- Recorded information:
::::::

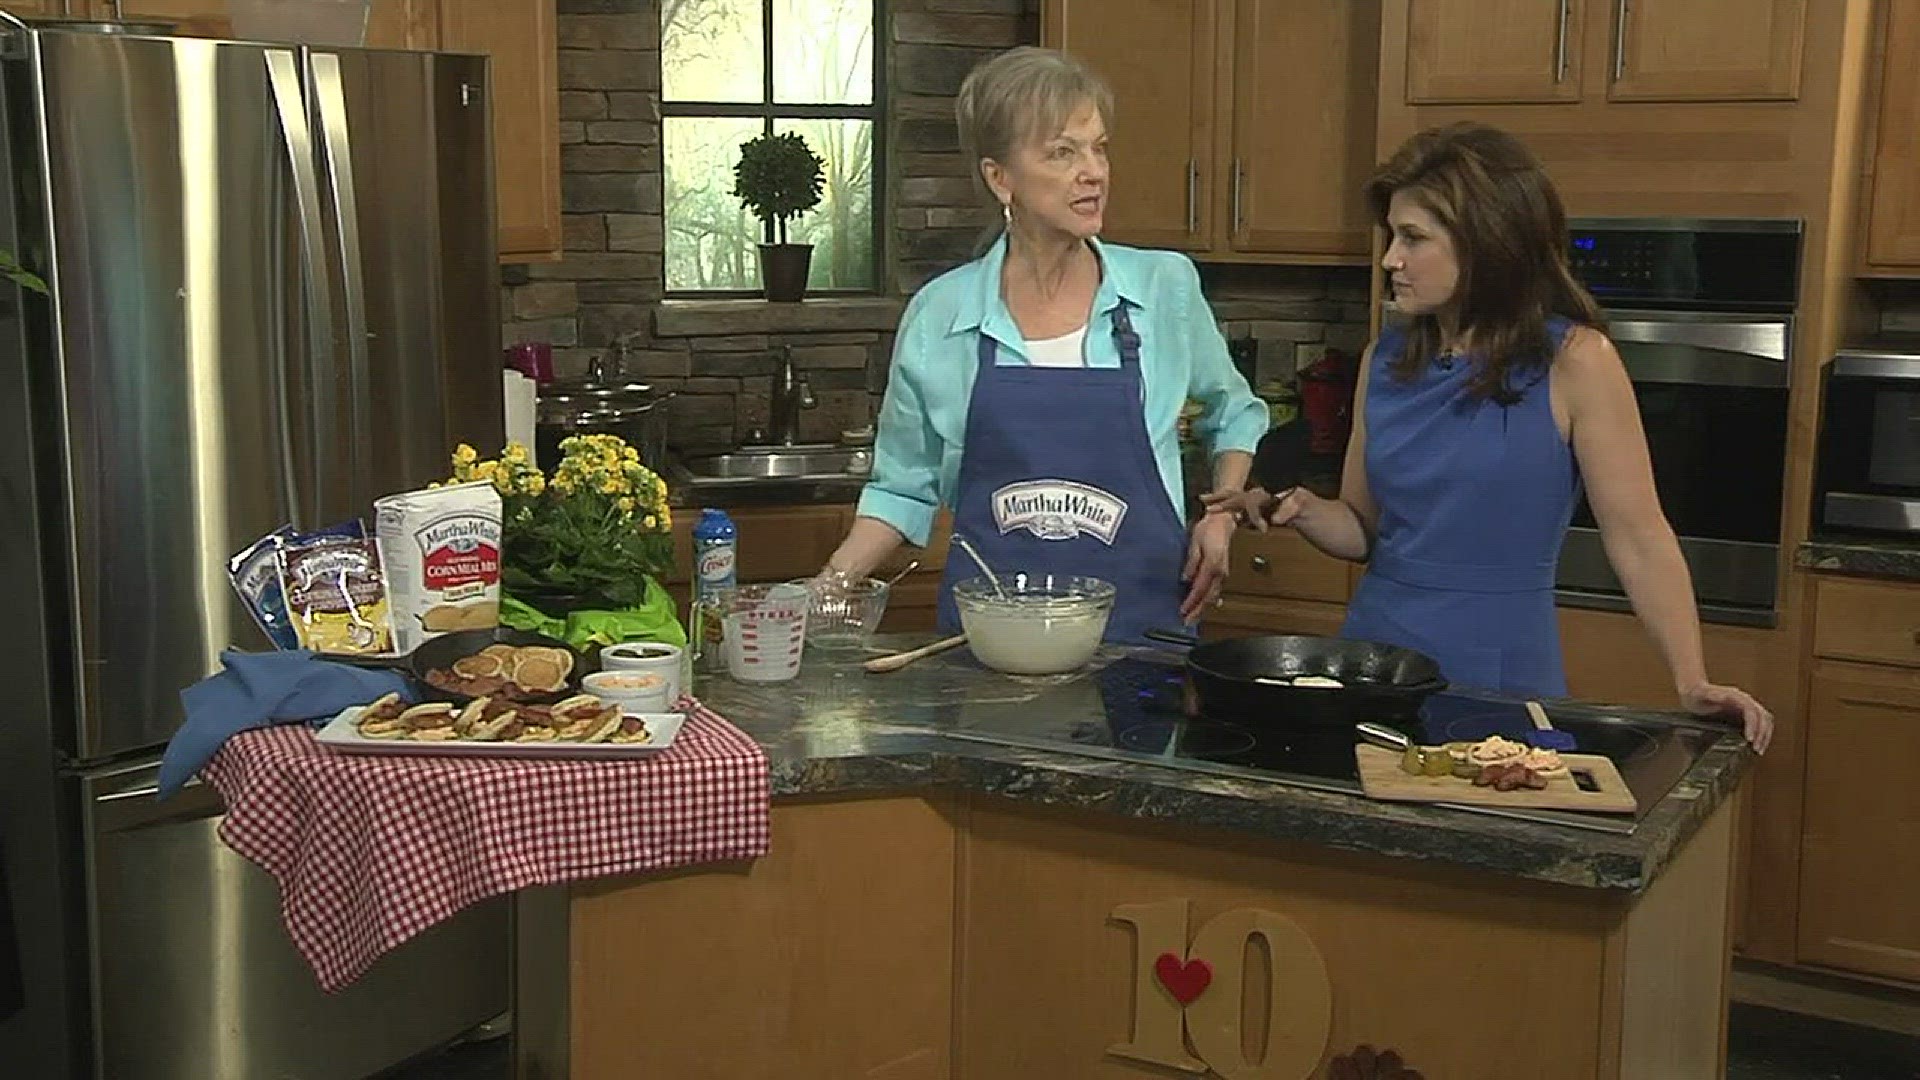 Linda Carman with Martha White joins Beth to give us a taste of her winning cornbread recipe ahead of this weekend's Cornbread Fest in south Pittsburgh, Tennessee.
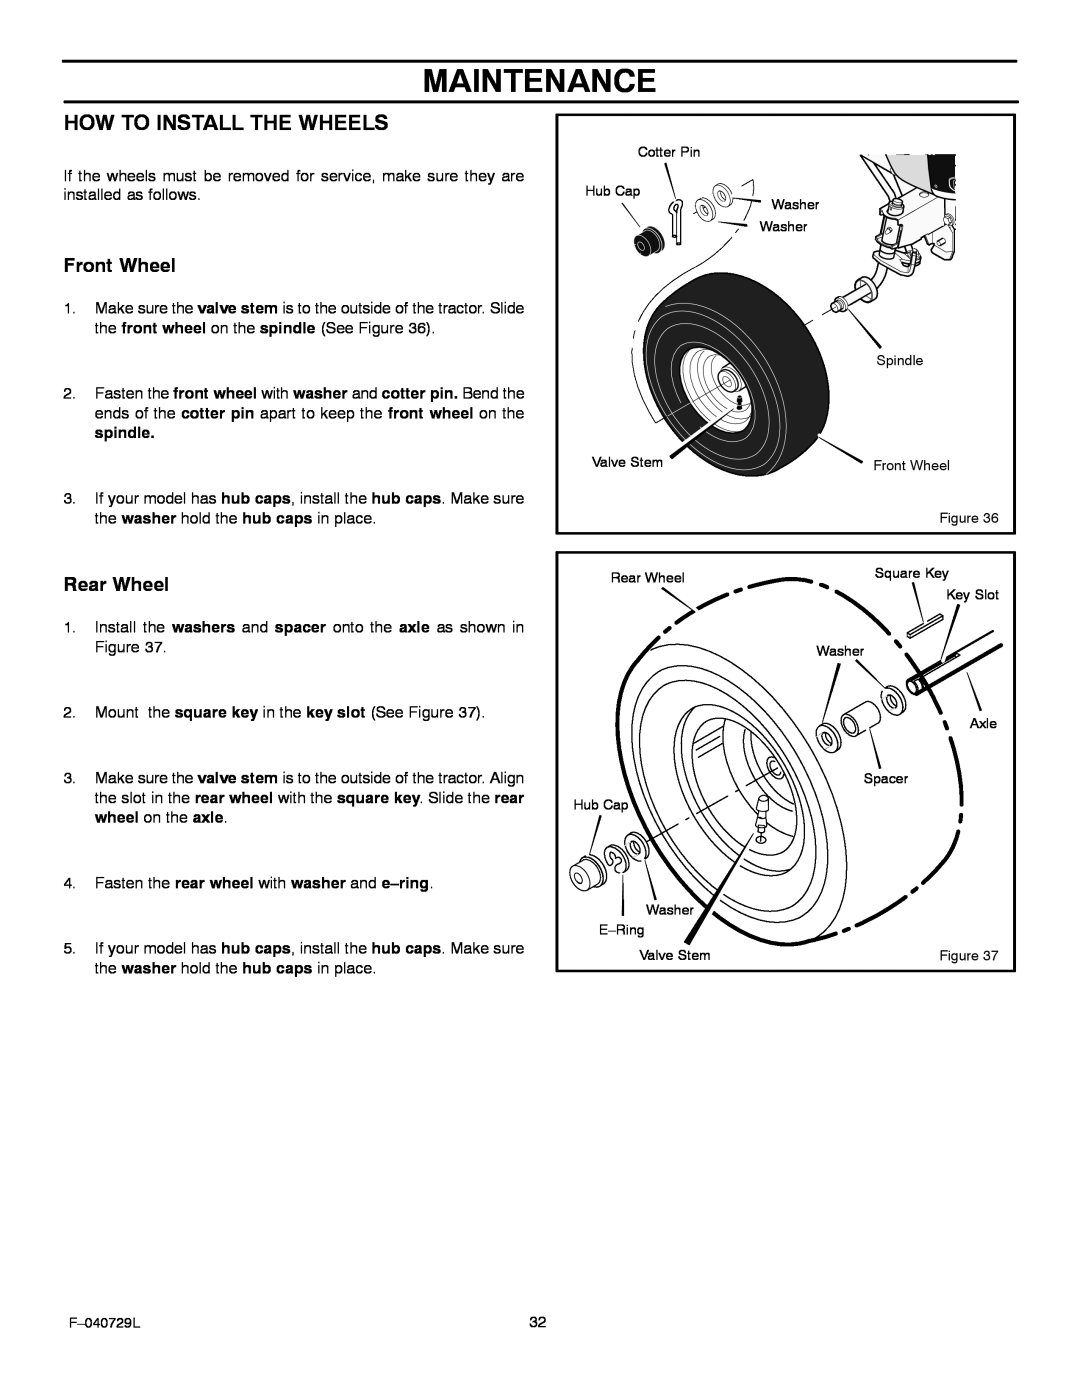 Murray 425620x92A manual Maintenance, How To Install The Wheels, Front Wheel, Rear Wheel 
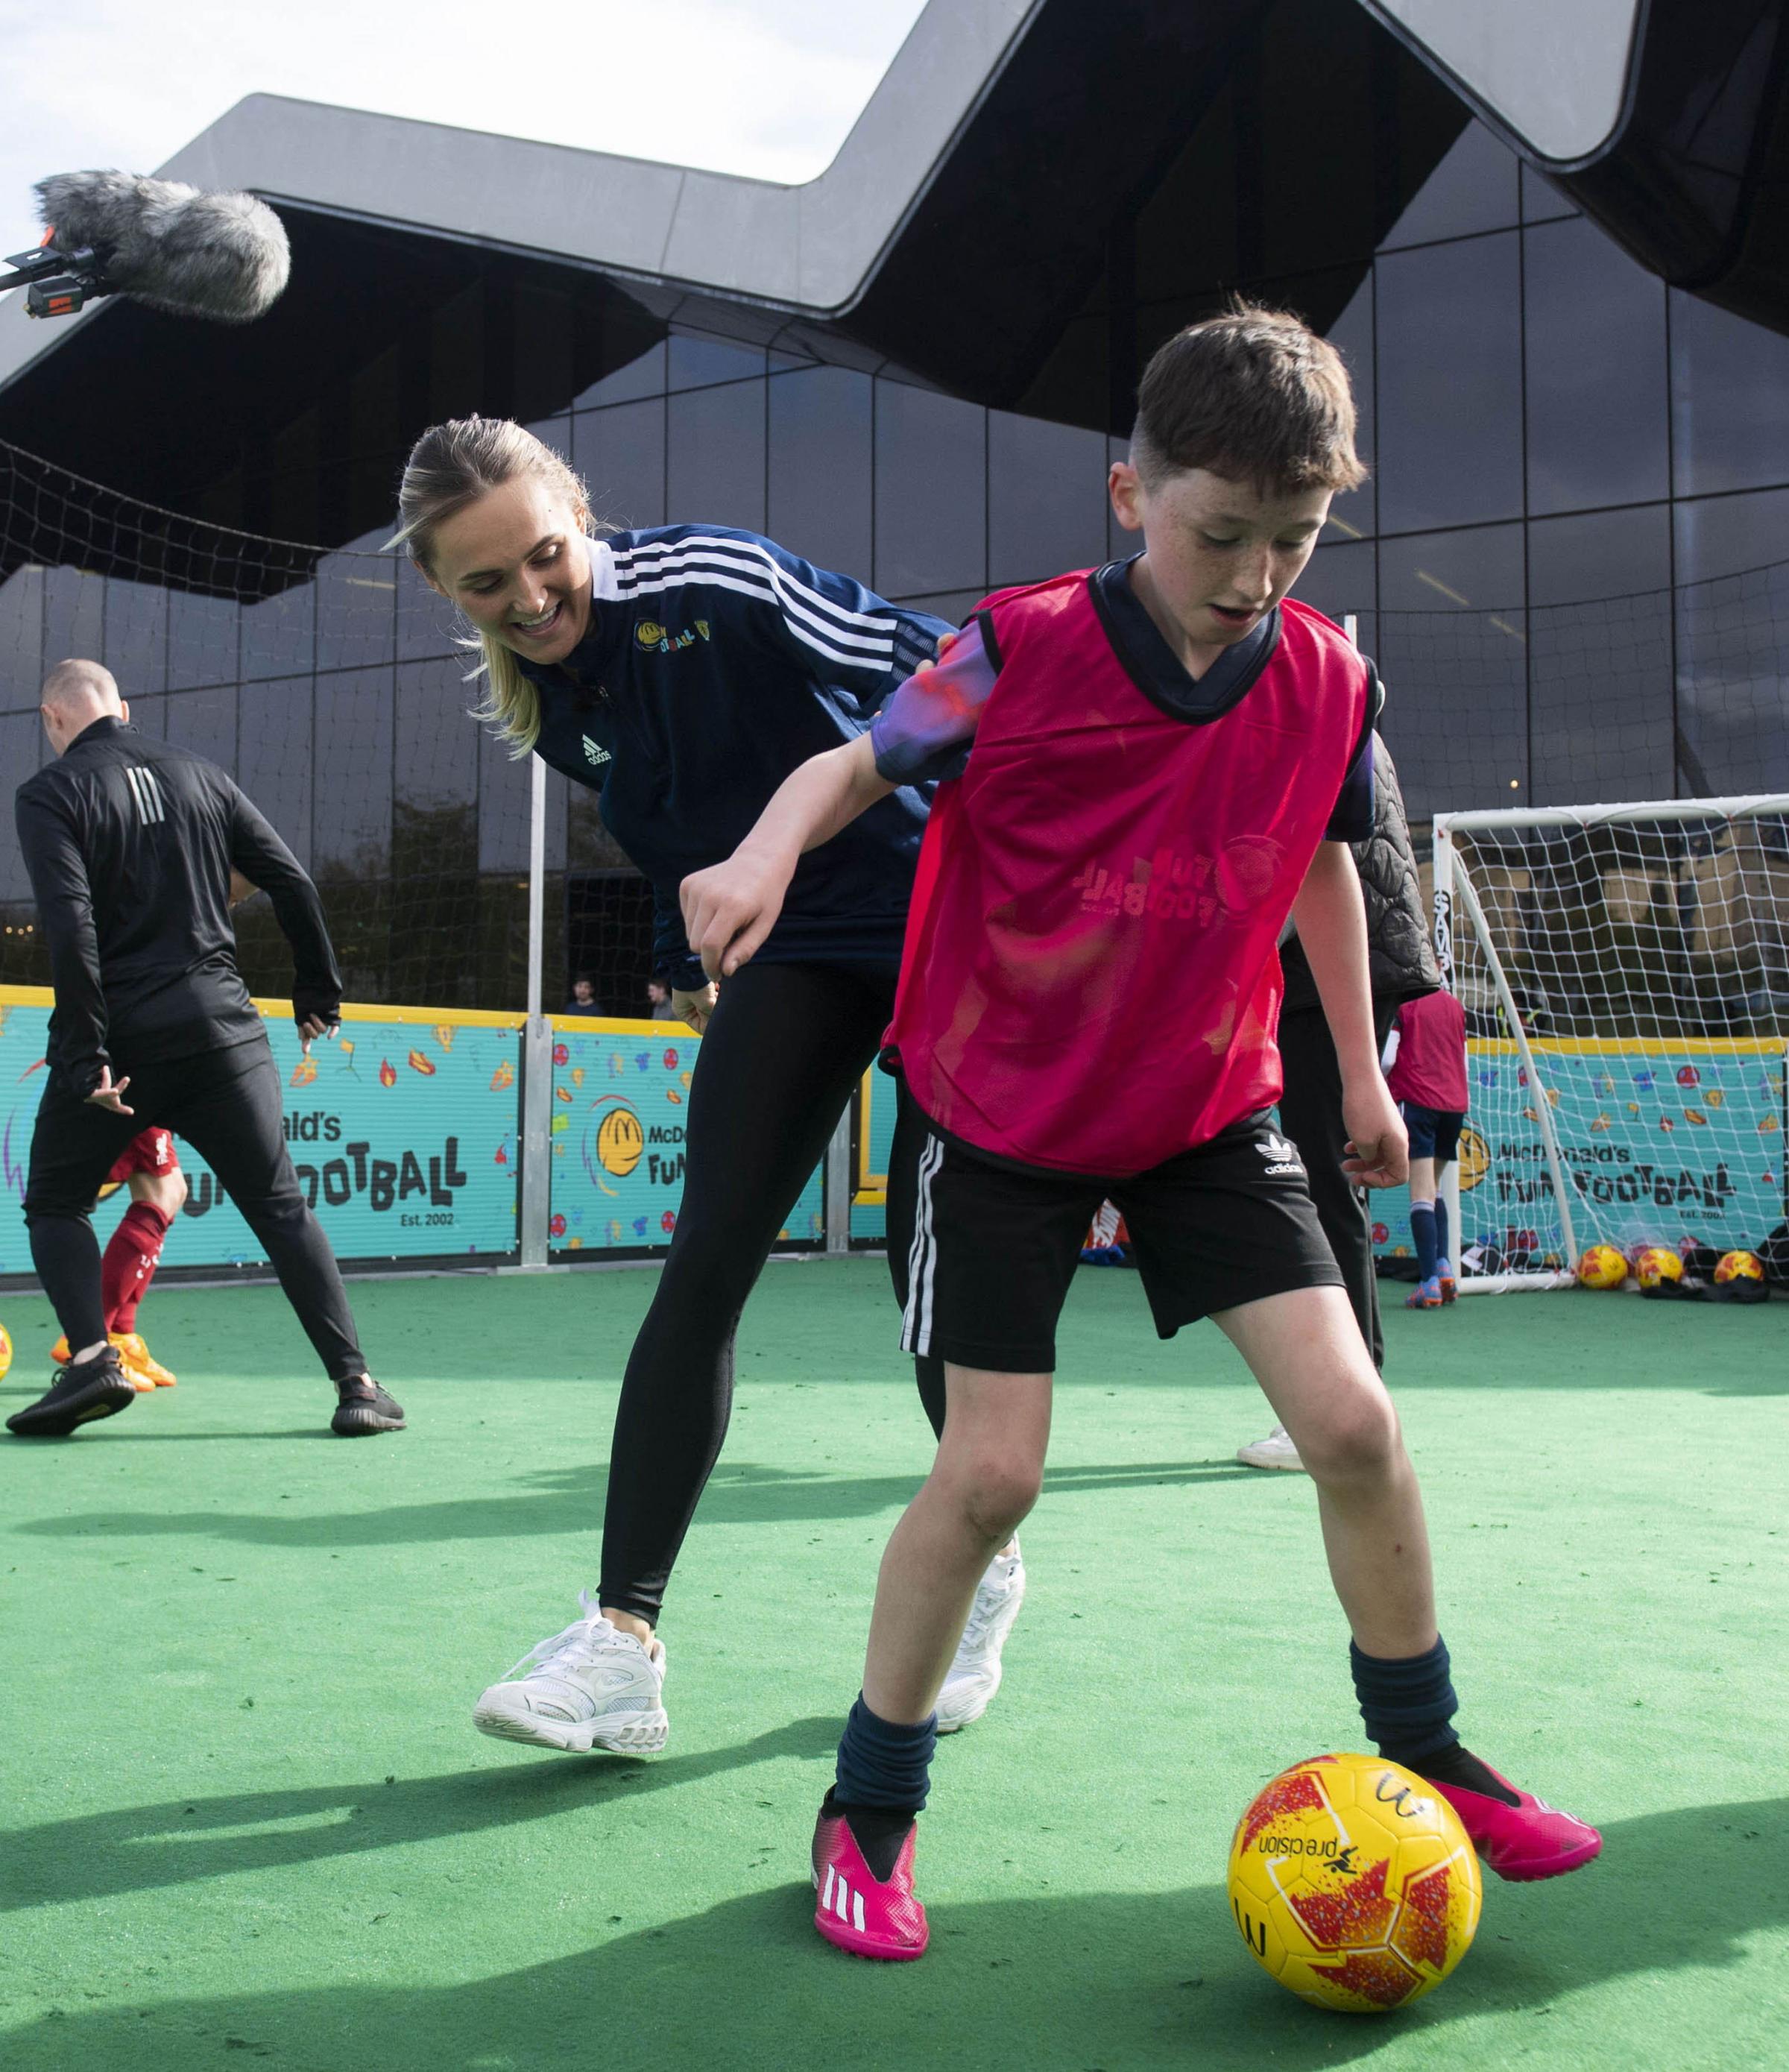 Samantha Kerr joined children for a McDonald’s Fun Football session at The Riverside Museum, Glasgow. McDonald’s provides free fun football coaching for 5–11-year-olds across the UK.

::::::

- Work to be completed: Please copy, exactly and only, the lines of the listing that run from the one holding "Murray 425620x92A manual" through its last line, and exclude pictures.

- Answer to this task:
 Murray 425620x92A manual Maintenance, How To Install The Wheels, Front Wheel, Rear Wheel 
 Samantha Kerr joined children for a McDonald’s Fun Football session at The Riverside Museum, Glasgow. McDonald’s provides free fun football coaching for 5–11-year-olds across the UK.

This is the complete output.